In this ongoing series, we ask executives, entrepreneurs and business leaders about mistakes that have shaped their business philosophy.

Windom Kimsey


Henderson, Nevada-based TSK Architects is one of the region's leading architecture firms, with additional offices in Reno, Los Angeles and Shanghai. It is behind many of Southern Nevada’s iconic buildings including Springs Preserve and McCarran International Airport, and will assist in the design of the second phase of the Las Vegas Convention Center. CEO Windom Kimsey also owns the recently opened Public Works Coffee Bar, located on the ground floor of TSK's brand-new headquarters in downtown Henderson.

The Mistake:

The last building we designed for the firm was not really designed to accommodate any changes in the population of employees or recessions.

During the recession, the architecture business was hit very hard in terms of the amount of work available, so our staff dropped down to about a third of the size we previously were.

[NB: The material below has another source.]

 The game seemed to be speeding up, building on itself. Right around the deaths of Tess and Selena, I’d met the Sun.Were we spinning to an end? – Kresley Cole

We ended up having this big open studio — what felt like a bowling alley — because we designed it to be like architecture school where everyone works collaboratively. And that sounds great, but what happens during a recession is you end up with this big space and few people.

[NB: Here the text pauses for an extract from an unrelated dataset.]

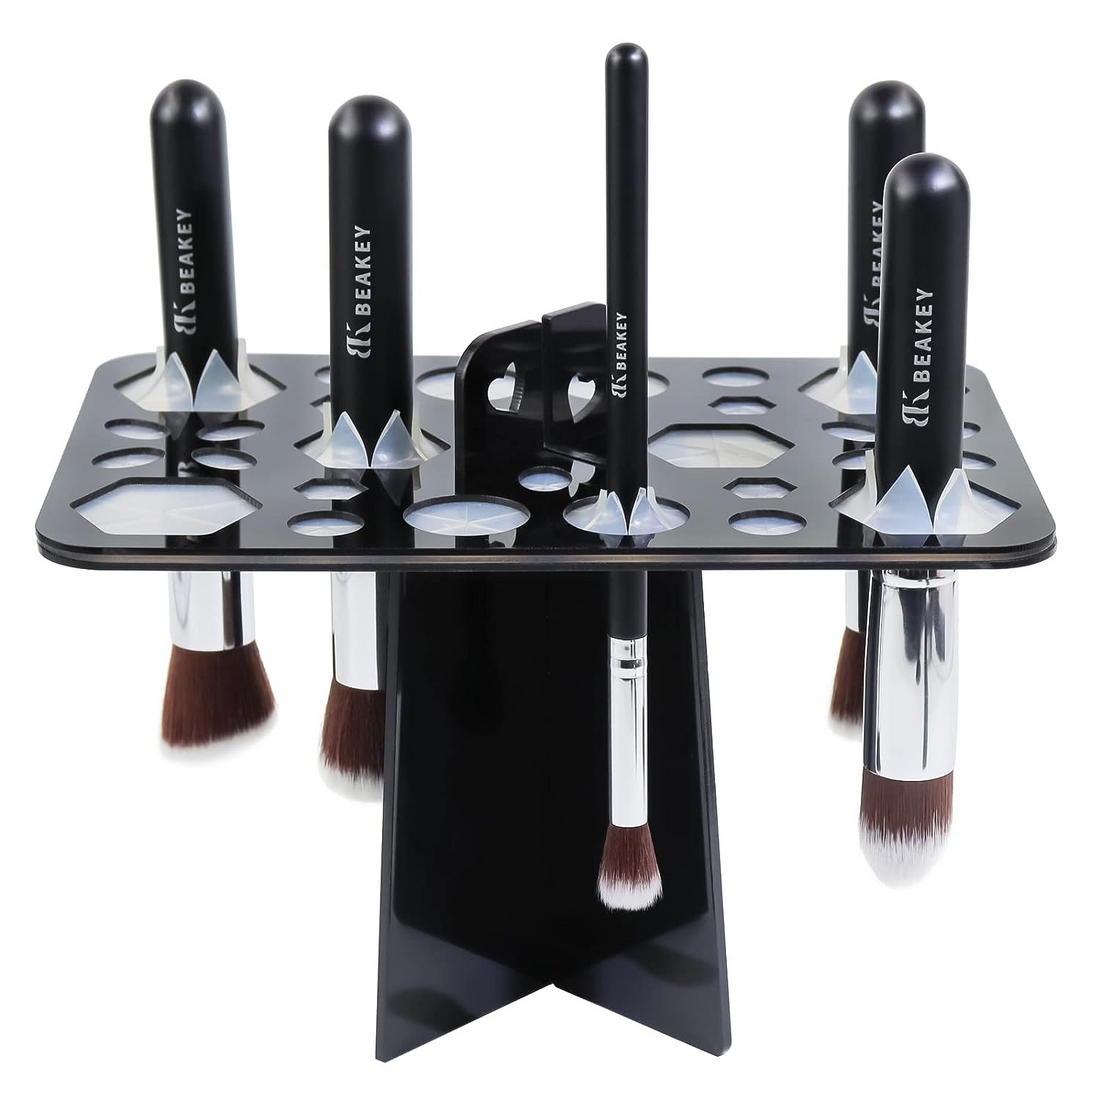 The Best Companion For Makeup Brushes - Makeup Brush Drying Rack

Then our biggest expense during the recession was paying a lot of rent for a building that was way beyond our means. I know a lot of people, fellow colleagues, who walked away from their leases. We didn't; we kind of sucked it up and made it work, but I don't want to repeat that sort of mistake.

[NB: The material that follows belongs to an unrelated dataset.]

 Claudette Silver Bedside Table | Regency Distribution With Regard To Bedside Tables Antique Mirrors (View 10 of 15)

That was an important lesson because it almost put us out of business — it was the rent. The rent was also based on a lease that was put into place in 2008 when everything was looking great, but then the crash came so fast.

You can adjust your staffing, but the rent is a fixed obligation.

The Lesson:

I had a wise local architect tell me, "Design your building smaller than you need and add onto it if you need to or lease some of the extra space," which is what I'm doing right now. My advice to others is to design a building for your business that can fluctuate with the economy and the size of the staff.

I wish we had the type of business where things were steady for long periods of time, but there is a certain amount of volatility in design firms and we're all gun-shy since the recession.

We're on our second building now. When our previous lease ended, we moved to a new building in downtown Henderson and designed it in a way that gives us some flexibility, so we can compartmentalize, scale it back, or lease some space if we need to. We're actually currently adding onto it.

We designed it in a way that it can become a business incubator or co-working space with a common conference room, and we can break the business up into smaller pieces and lease space to other businesses.

If you're going to stay in business long enough, business is going to retract in the other direction. Hopefully, not like it did, but that is a very real thing, so we designed a building that has a higher level of flexibility.

For anyone in business, look at the triggers in your lease agreement. A standard lease will go up 3.5 or 4 percent per year, but make sure you have something in there that can accommodate when things go in the other direction. Everybody is always positive when business is good. They're making deals and everything is predicated on an increase in business and paying more for rent, but it doesn't really accommodate when the opposite happens. You can adjust your staffing, but the rent is a fixed obligation.

Owning your own building is my other piece of advice: Pay rent to yourself and then you have a little more control over it as well.